Low self-esteem is the reason why even the most loving couples can break up. When one of the partners begins to underestimate himself, treat himself worse than others, this is the first sign that problems will soon arise in the relationship. Here are some workable ways you can ruin your relationship with your loved one in no time.

1. Thinking that you don't deserve a person

“For what merit did I get a girl like you?” or “I don’t deserve you” - these are just a small part of the most common phrases that can be heard from the lips of a notorious person. He will always be sure that he is not handsome enough, smart, wealthy, interesting enough to meet his partner. The people around him seem better than himself in every way. The problem is that a person can convince not only himself, but also his partner of his “inferiority”. nine0003

2. Looking unattractive

Not in the literal sense of the word, because it's not about appearance. Attractiveness is both behavior and character. If you present yourself as a person who is in desperate need of something or someone, this will most likely only scare the girl away.

3. Afraid to trust a person and show their vulnerability

A person with low self-esteem can be characterized as overly cautious, which is especially evident in relationships. Yes, he specifically controls his feelings, limits the depth of his intimacy, tries not to give out his weaknesses. He is afraid that he will be betrayed, abandoned, ridiculed. It interferes with normal relationships. nine0003

How to behave when trust is lost in you

4. Do not accept yourself

Healthy self-esteem is the ability to accept your strengths and weaknesses. A person objectively evaluates his capabilities and is not afraid to show others and, most importantly, his partner, that he is far from perfect.

5. Being insecure

Self-confidence greatly affects people's impression of you. When you are confident in yourself, it at least looks attractive and collects admiring glances from the opposite sex. In addition, without self-confidence, it will be extremely difficult for you to build a constructive dialogue with a partner and defend your interests. nine0003

6. Worry about pleasing your partner

A person with low self-esteem is likely to be constantly under stress.
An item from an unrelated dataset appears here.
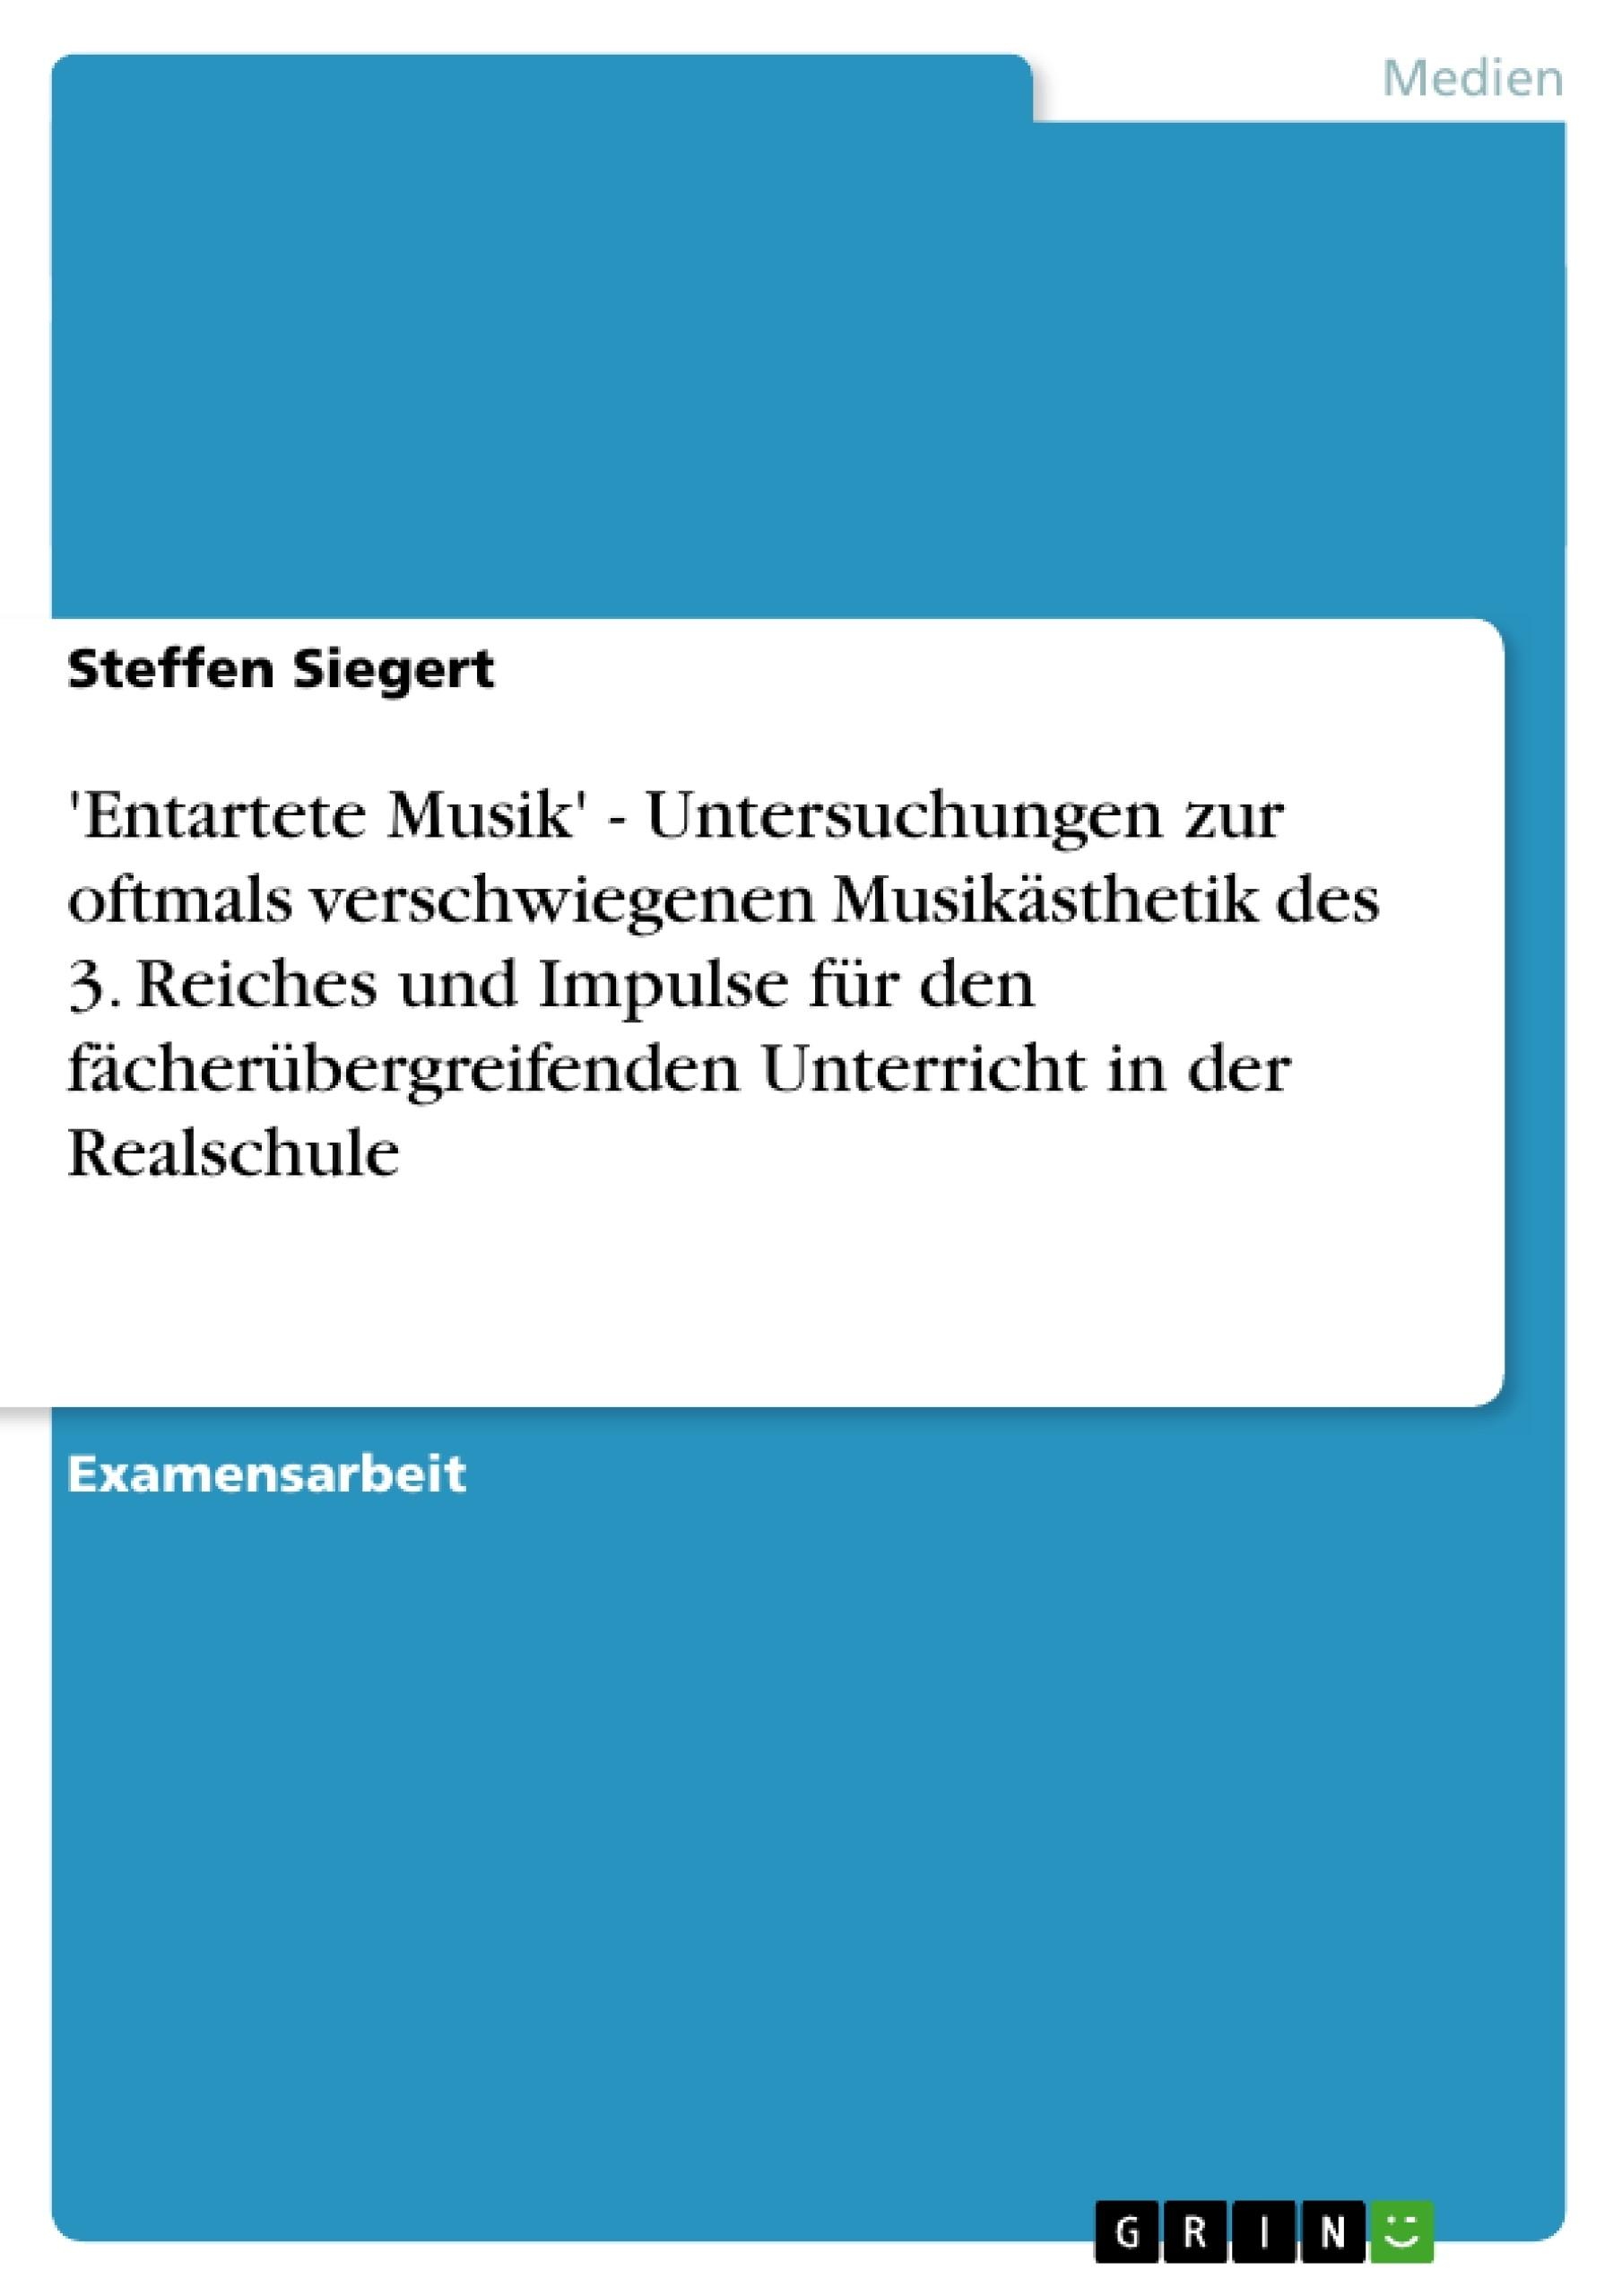 Titel: 'Entartete Musik' - Untersuchungen zur oftmals verschwiegenen Musikästhetik des 3. Reiches und Impulse für den fächerübergreifenden Unterricht in der Realschule

He will not be able to openly talk about his thoughts and feelings with a partner, because he will avoid any possible conflicts in every possible way. Your loved one may never wait for the moment when you appear before him in real.

7. Tolerate bad treatment

When you have low self-esteem, you are unlikely to wonder why your loved one treats you disrespectfully. You don’t respect yourself either, so it’s normal for you to endure a bad attitude. In fact, every person deserves to be treated with kindness and warmth. And until you normalize your self-esteem, you will not take this rule seriously. nine0003

8. Blame yourself for everything

“I'm the bad one and I'm doing everything wrong”, “I'm the one who provokes my partner”, “I'm the one who needs to change and make more efforts”. Where you just need to try to objectively analyze the situation, a person with low self-esteem will bombard himself with accusations, without even suggesting that he might be involved.
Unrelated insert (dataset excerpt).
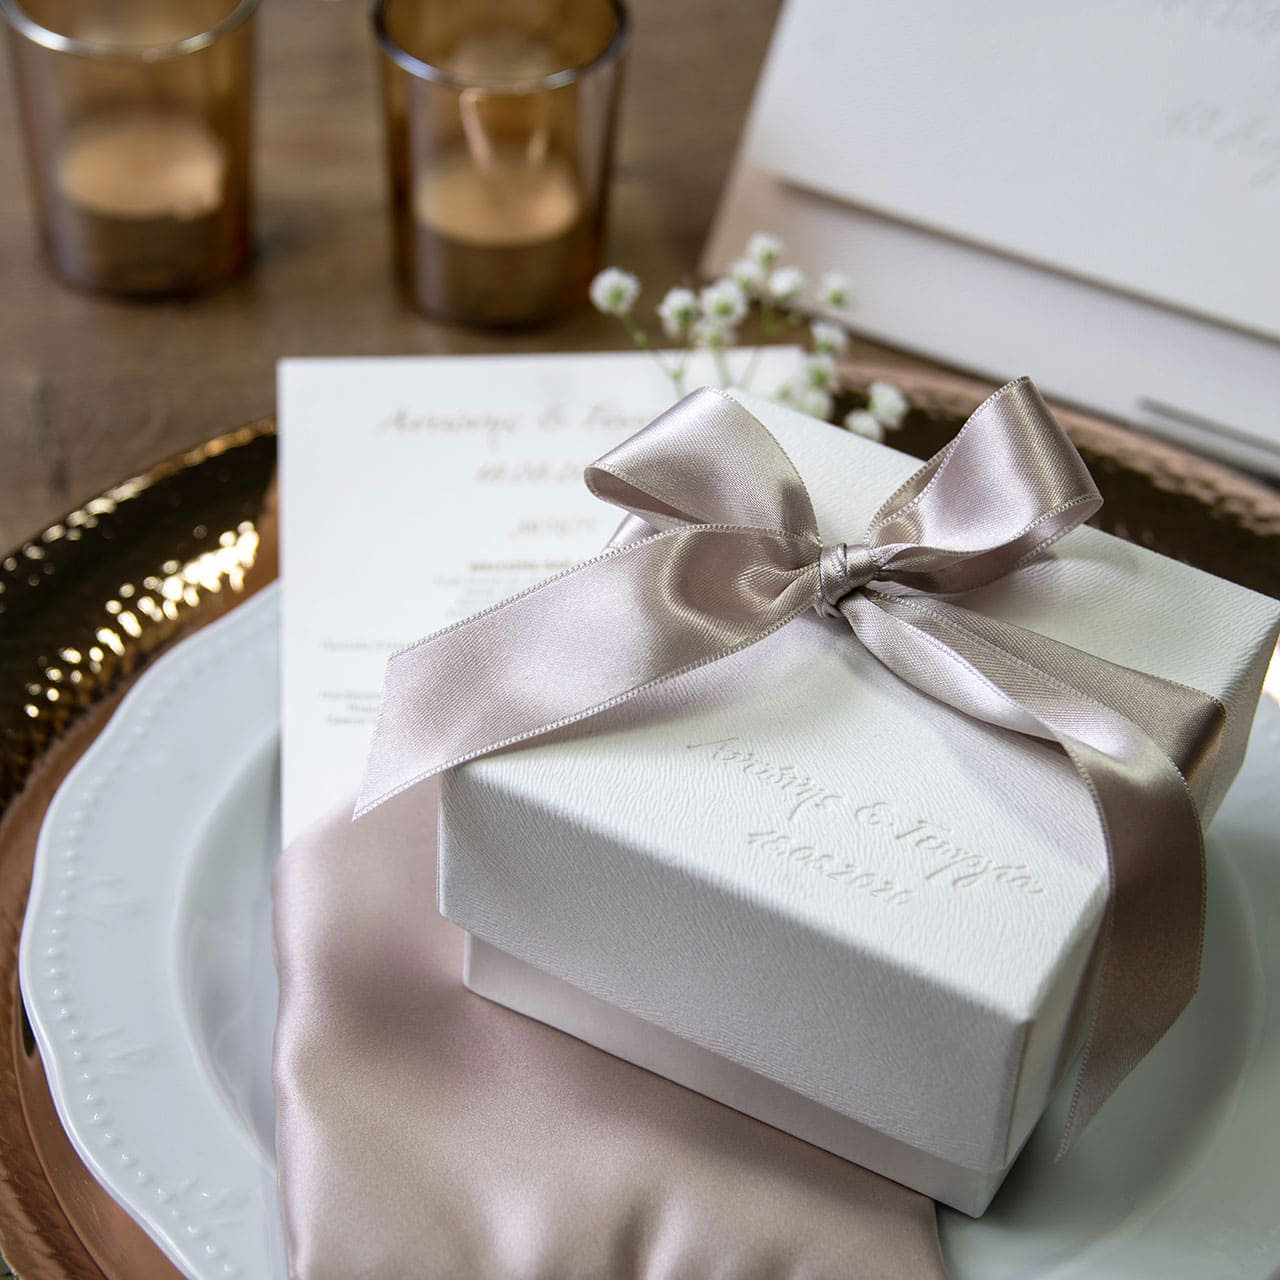 Κουτί μπομπονιέρα γάμου σε λευκό δέρμα με εκτύπωση βαθυτυπίας και σατέν κορδέλα στο χρώμα της άμμου

10 signs that you may have hidden depression

9. Lying Don't create unnecessary problems for him. But by doing so, you do not facilitate your life together. You can still understand that something is wrong, and your partner will most likely puzzle over your strange behavior. nine0003

10. Do not set personal boundaries

It is important in a relationship to discuss your personal boundaries. For example, make it clear to your partner that meeting friends on the weekend is very important to you, and you do not want to quarrel over this. Or let them know that you're not ready to meet your parents right now because it's too soon. A person with low self-esteem is unlikely to defend his interests.

11. Pretending to be someone else

This is about those very situations when you are embarrassed to be yourself next to your loved one, because you are afraid that he will refuse you or not accept your true face. Ultimately, you may feel angry because of the inability to behave the way you want. nine0003

12. Become dependent on a partner

“I can't do without her,” says a person who has a strong fear of ending a relationship. It seems to him that life without a partner will become unimaginably difficult, and he tries with all his might to prevent a breakup. But instead it only makes things worse.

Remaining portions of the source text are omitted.